Die Mitglieder des Effeltricher Gesangvereins denken gern an frühere Zeiten zurück. Wehmütig sind sie dabei allerdings nicht, weil auch die Gegenwart Anlass zur Freude gibt.
Tradition und fränkisches Brauchtum machten Effeltrich weit über den Landkreis Forchheim hinaus bekannt. Der Gesangverein der Gemeinde gehört zu den ältesten unter den 21 Vereinen im Ort. Verdiente Mitglieder wie Georg Kotz bekommen glänzende Augen, wenn sie aus der Vergangenheit des Vereins erzählen.
Kotz singt seit 58 Jahren im Effeltricher Gesangverein und war bis 2002 32 Jahre dessen Vorsitzender. Früher, "da hatten wir von 20 Uhr bis 22 Uhr Chorprobe.
Nachher ging es weiter mit wilden Liedern", erinnert er sich. Alfred Brehm, der Notenwart, erinnert sich an die längste Singstunde - die begann am Freitagabend und endete am nächsten Morgen gegen 8.30 Uhr. Vereinswirt, Chorleiter und etliche Sangesfreunde, sie alle haben in dieser Nacht durchgehalten. Zum Schluss hat man das Akkordeon geholt und mit einem Spiel um das Wirtshaus die fröhliche Runde beendet.
Das waren freilich Zeiten, wo es noch keine Handy gab und Geselligkeit noch ein Synonym für Vergnügen gewesen ist.

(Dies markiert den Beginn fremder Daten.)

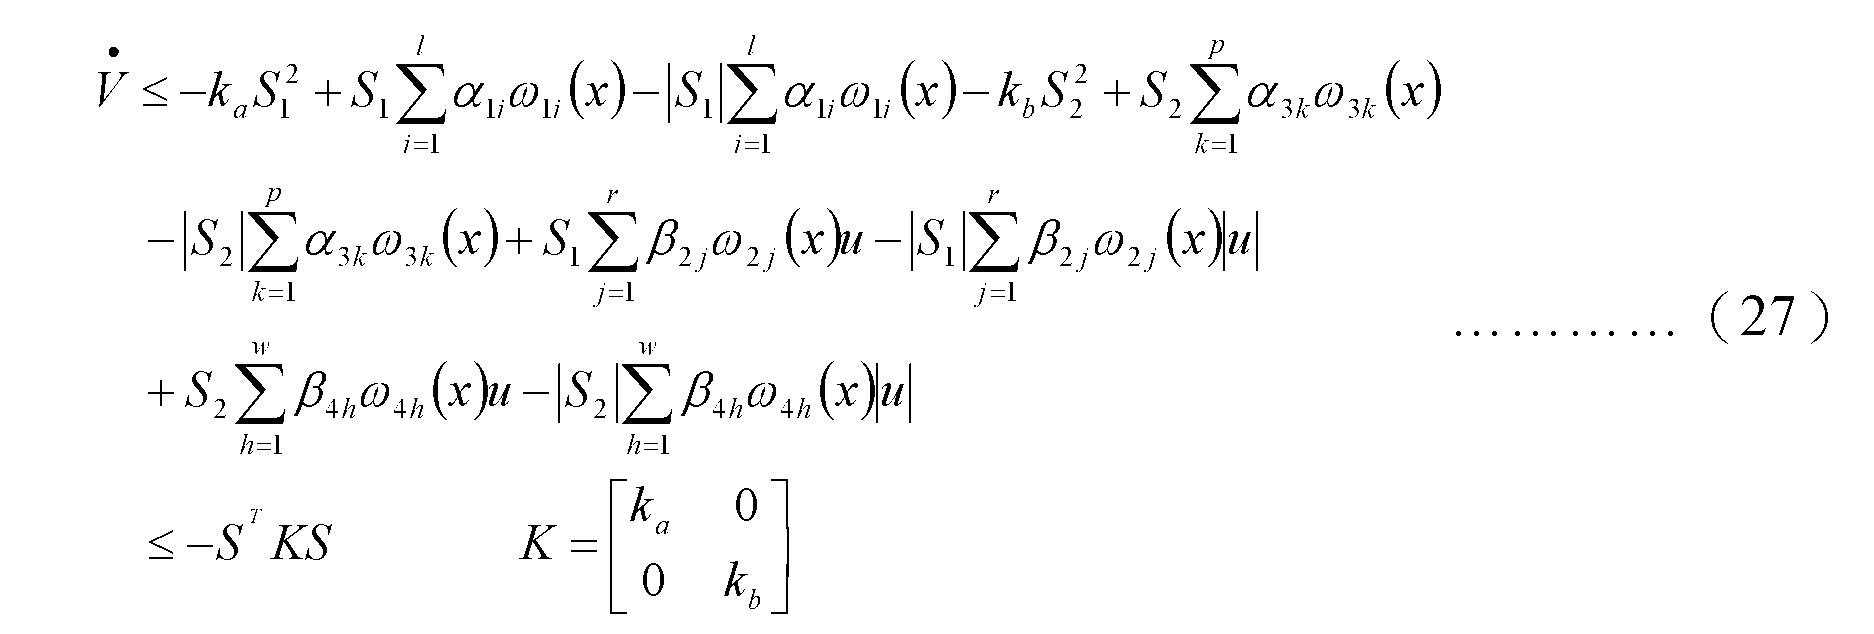 Figure 107143115-A0305-02-0012-76

Immer wieder fällt der Begriff "wildes Singen", wenn sich die Effeltricher Sänger an alte Zeiten erinnern.
Wilde Texte und Melodien Mit dem "wilden Singen" habe sie überhaupt erst Spaß am Singen entwickelt, sagte beispielsweise auch Annelies Wagner. Heute ist sie die Vorsitzende des Vereins. Im "wilden Singen" ruht offensichtlich die Volksseele: mit eigenen Texten und eigenen Melodien.
Vor kurzem hat der Gesangverein Effeltrich seinen 125. Geburtstag gefeiert. Sieben Patenvereine feierten in der Turnhalle von Effeltrich mit. Für Schriftführer Johann Wisheckel war der Geburtstag ein willkommener Anlass, einmal näher auf die Chronik einzugehen.
Im Jahr 1888 wurde der Stammverein "Liederkranz Effeltrich" als Männerchor im damaligen Vereinslokal "Zur Waldeslust" gegründet. Die Wurzeln lagen im Kirchenchor von St. Georg und in der Musikkapelle.
Um 1919 entstand mit dem "Liederverein Effeltrich" mit einem Männer- und Gemischtem Chor ein zweiter Verein im "Unterdorf". Das ließ den Wettbewerb steigern und das Sangesleben in seiner Gesamtheit erblühen. 1933 mussten sich die beiden Verein auf Druck der Nationalsozialisten zum heutigen "Gesangverein Effeltrich" zusammenschließen.
Mit Ende des Zweiten Weltkriegs folgte das Verbot aller Vereine in Deutschland durch die Alliierten. Das ließ das Vereinsleben bis 1949 zum Erliegen kommen.
Erst danach durften die Sänger wieder im Vereinslokal "Waldeslust" zusammenkommen. Manchen Vertriebenen erleichterte das gemeinsame Singen die Ankunft in der neuen Heimat.
Als Kulturträger erwarben sich die Sänger mit der Pflege deutschen Liedguts und des Chorgesangs zahlreiche Auszeichnungen wie die Hans-Sachs-Plakette 1974 und die Zelter-Plakette anlässlich des 100. Geburtstags 1988.
Der Blick nach vorn Tradition ist wichtig. Ein lebendiger Verein muss aber auch den Blick nach vorn wahren. So formierte sich vor zehn Jahren noch eine Pop- und Gospelgruppe, die vor allem auch jüngere Sänger mit Spirituals, Gospel und Popsongs ansprechen will.
Der Anspruch ist gewachsen, aber damit auch die Kosten. Waren es früher ein paar Naturalien, mit denen ein Chorleiter, oft war es der Lehrer der Dorfschule, entlohnt wurde, so ist die Finanzierung heute eine große Herausforderung für den Verein. Das zweitägige Grillfest zu Pfingsten hilft da, die Kasse der Effeltricher aufzubessern.